AIG’s issuing of CDS contracts acted as a form of insurance for the various exotic asset backed securities (ABS) securities being issued by Wall Street and London banks. AIG was saying ‘if, by some remote chance’ those mortgage-backed securities suffered losses, AIG would pay the loss, not the banks.

Then it got really wild. Because credit default swaps were not regulated, not even classed as a traditional insurance product, AIG didn’t have to set aside loss reserves! And it didn’t. So when housing prices started falling, and losses started piling up, it had no way to pay off.

AIG then issued of hundreds of billions of dollars worth of CDS instruments to allow banks to make their balance sheets look safer than they really were. Banks were able to get their loan risk lower not by owning safer assets. They simply bought AIG’s credit default swaps. The swaps meant that the risk of loss was transferred to AIG, making the bank portfolios look absolutely risk free.
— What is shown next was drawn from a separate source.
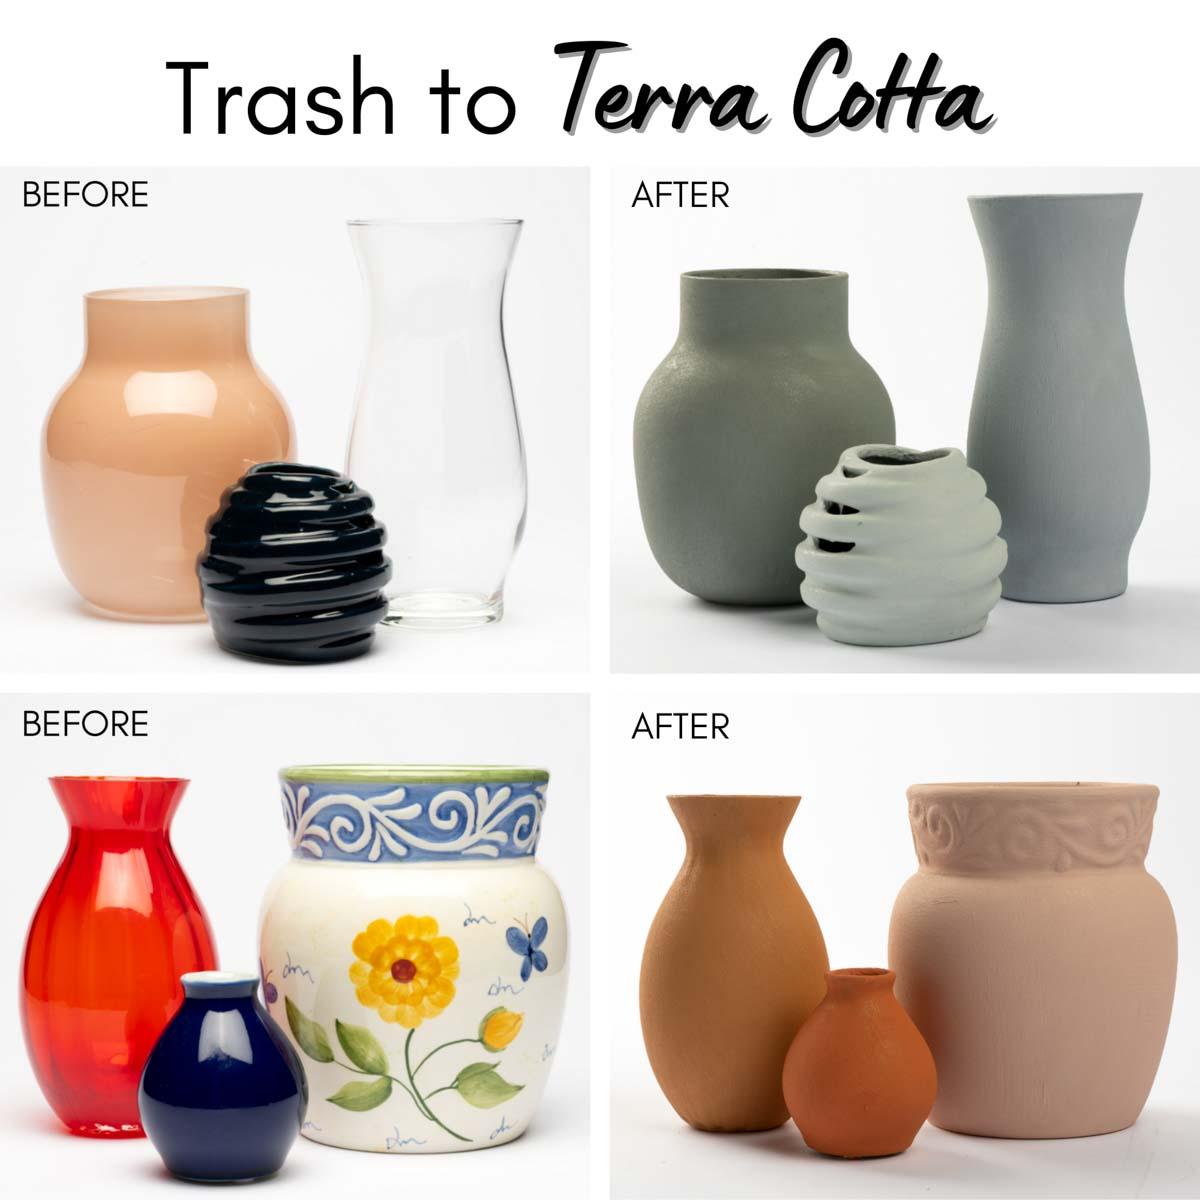 FolkArt ® Terra Cotta™ Acrylic Paint - Snowbank, 2 oz. - 7011

That gave banks the legal illusion of BIS minimum capital requirements, so they could increase their leverage and buy yet more ‘risk free’ assets.

How could that be allowed? The level of venal corruption in the Clinton and then Bush administration rivals that of the last days of Rome before its fall from the internal rot of corruption. Banks invested billions in lobbying Washington politicians to get their way.

Banks invested billions in lobbying Washington politicians? Gramm and the Republicans of the 106th United States Congress didn’t let their investors down. The Commodity Futures Modernization  Act of 2000, another bill championed by Gramm gave Wall Street a derivatives market, including the credit default swaps that was completely free of government regulation. Between 1995 and 2000, Gramm was the chairman of the U.S. Senate Committee on Banking, Housing, and Urban Affairs, the majority of the banking industry’s deregulation happened on his watch. But Gramm doesn’t see a problem, his recent advise to Americans during this current meltdown; 

“All that you have to do is wake up, Come on, wake up, you babies. It’s all in your imagination”

Well for the record, Gramm can kiss this baby’s ass behind. The bottomline for me is this, if we do not make some changes on Wall Street, we will be right back where we are now in the coming years. We should continue to clean house starting with politicials like Gramm and work our way through the pile. While our politicians are pointing fingers at each other lets try to remember, somebody saw this meltdown coming and if Byron Dorgen is right we owe it to ourselves from now on to listen.